Methods: Systematic search of medical literature from PubMed and engineering literature from Compendex up to June 2, 2023. One reviewer screened studies that used EEG-based ML models to predict the neurologic outcomes after cardiac arrest. Four reviewers validated that the studies met selection criteria. Nine variables were manually extracted. The top-five common EEG features were calculated. We evaluated each study's risk of bias using the Quality in Prognosis Studies guideline.
Results: Out of 351 identified studies, 17 studies met the inclusion criteria.

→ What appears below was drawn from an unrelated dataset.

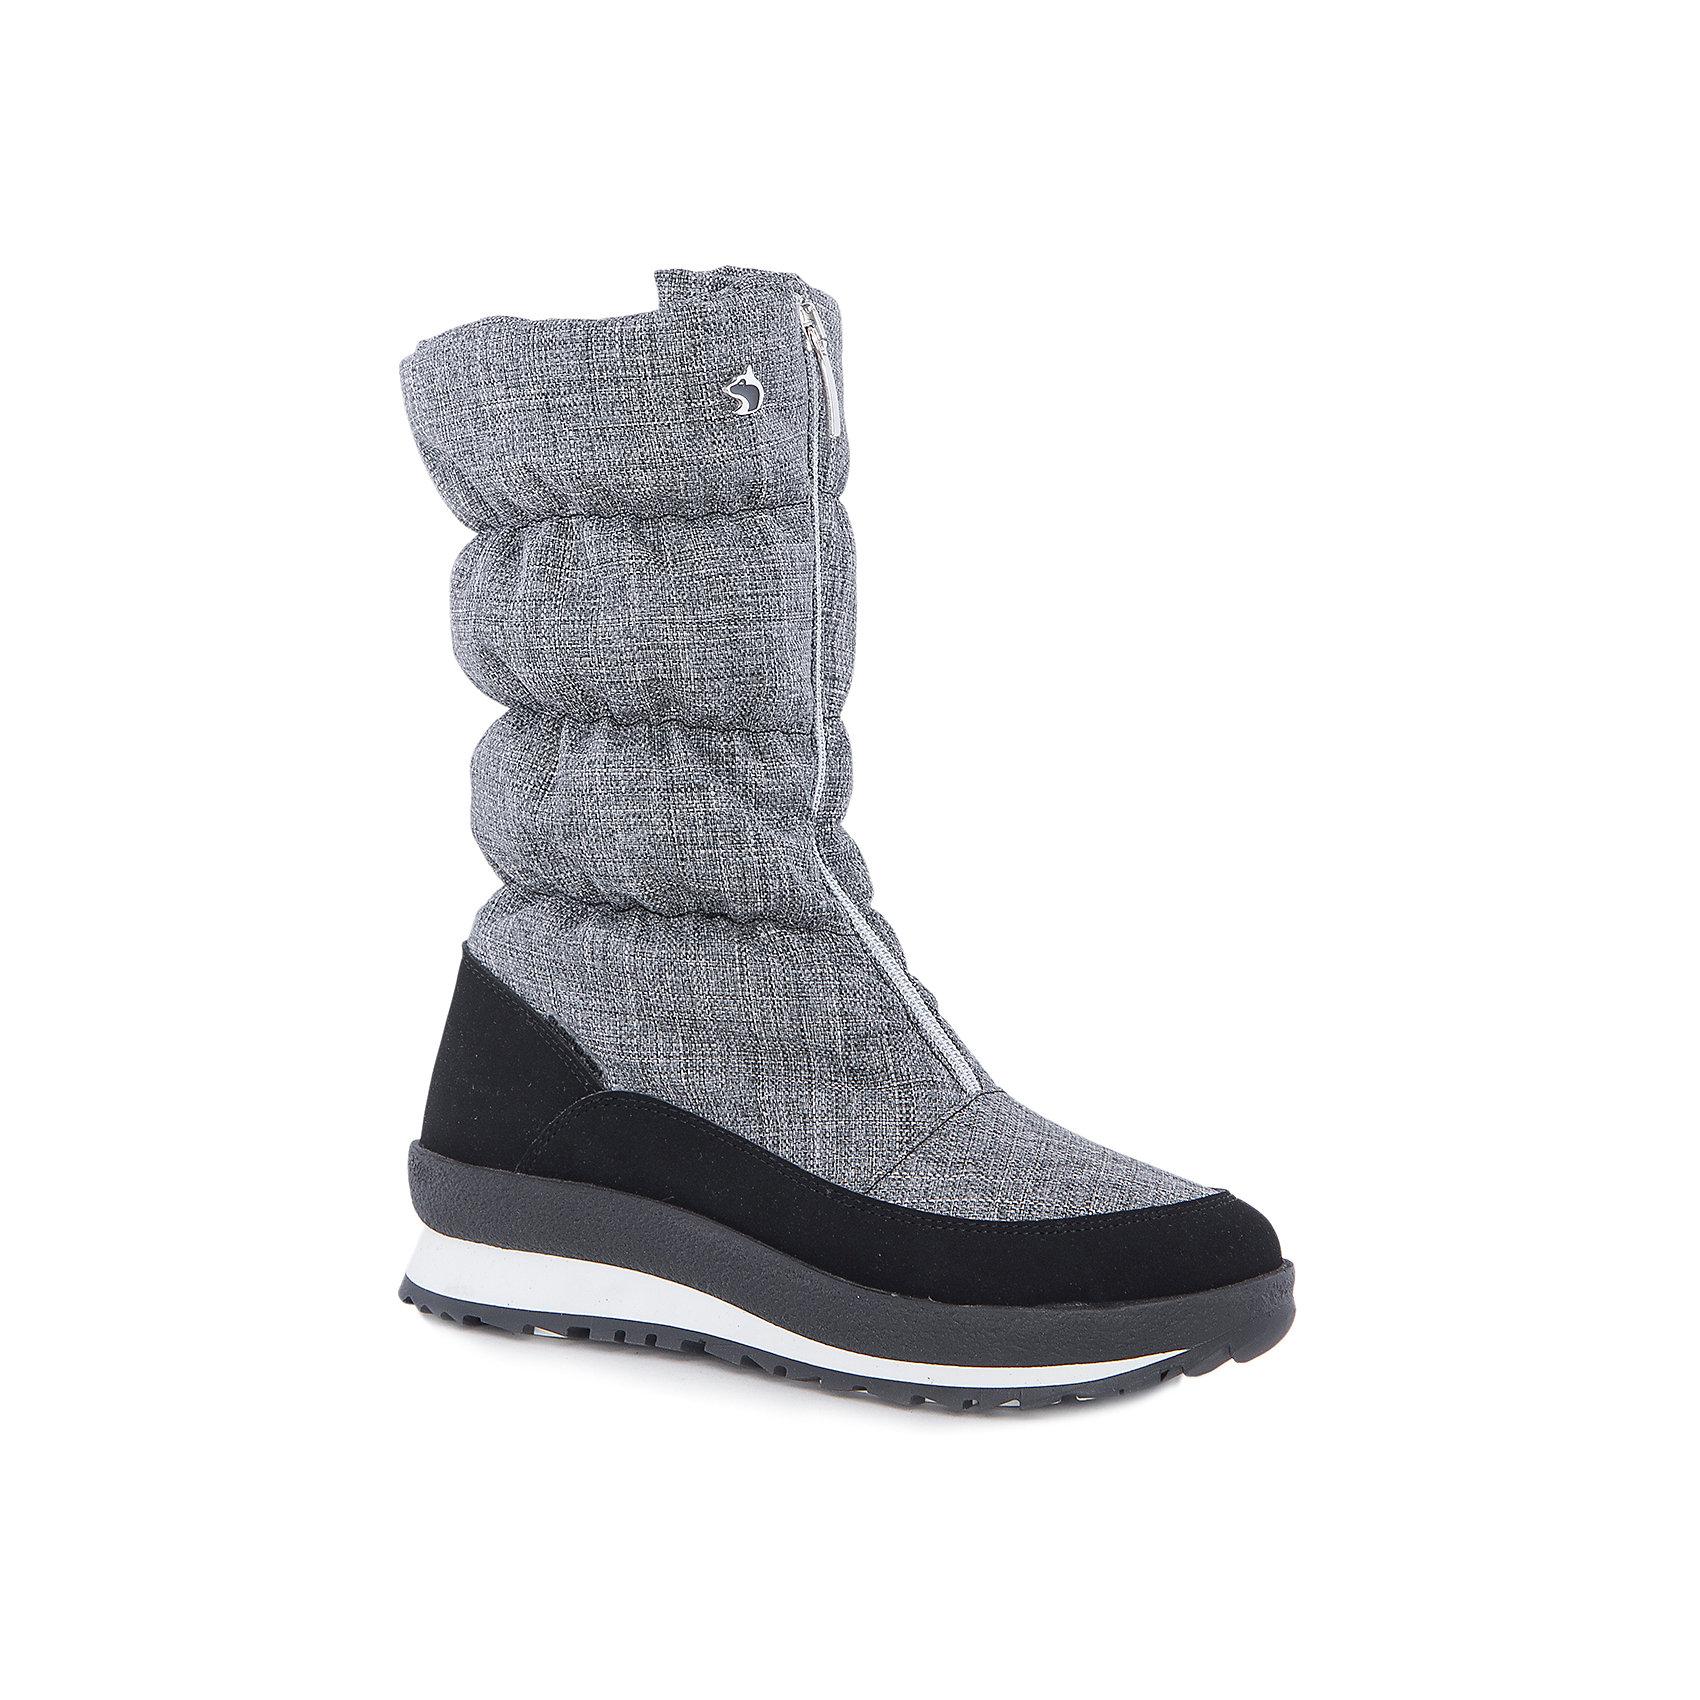 Сапоги для девочки Alaska OriginaleСапоги для девочки Alaska Originale<br>Зимняя обувь с мембранным слоем для активных прогулок. Температурный режим от 0 до -25С.<br>Состав: Верх:54%ПЭ;46%ПА ; Подкладка:Текстильные материалыПодошва:Термопластик<br><br>Ширина мм: 257<br>Глубина мм: 180<br>Высота мм: 130<br>Вес г: 420<br>Цвет: серый<br>Возраст от месяцев: 144<br>Возраст до месяцев: 156<br>Пол: Женский<br>Возраст: Детский<br>Размер: 36,40,38,39,37<br>SKU: 5134408

Random Forest (RF) (n = 7) was the most common ML model in the conventional ML category (n = 11), followed by Convolutional Neural Network (CNN) (n = 4) in the DNN category (n = 6). The AUCs for RF ranged between 0.8 and 0.97, while CNN had AUCs between 0.7 and 0.92. The top-three commonly used EEG features were band power (n = 12), Shannon's Entropy (n = 11), burst-suppression ratio (n = 9).
Conclusions: RF and CNN were the two most common ML models with the highest AUCs for predicting the neurologic outcomes after cardiac arrest. Using a multimodal model that combines EEG features and electronic health record data may further improve prognostic performance.
Keywords: Deep Learning; Electroencephalography; Heart Arrest; Machine Learning; Prognosis.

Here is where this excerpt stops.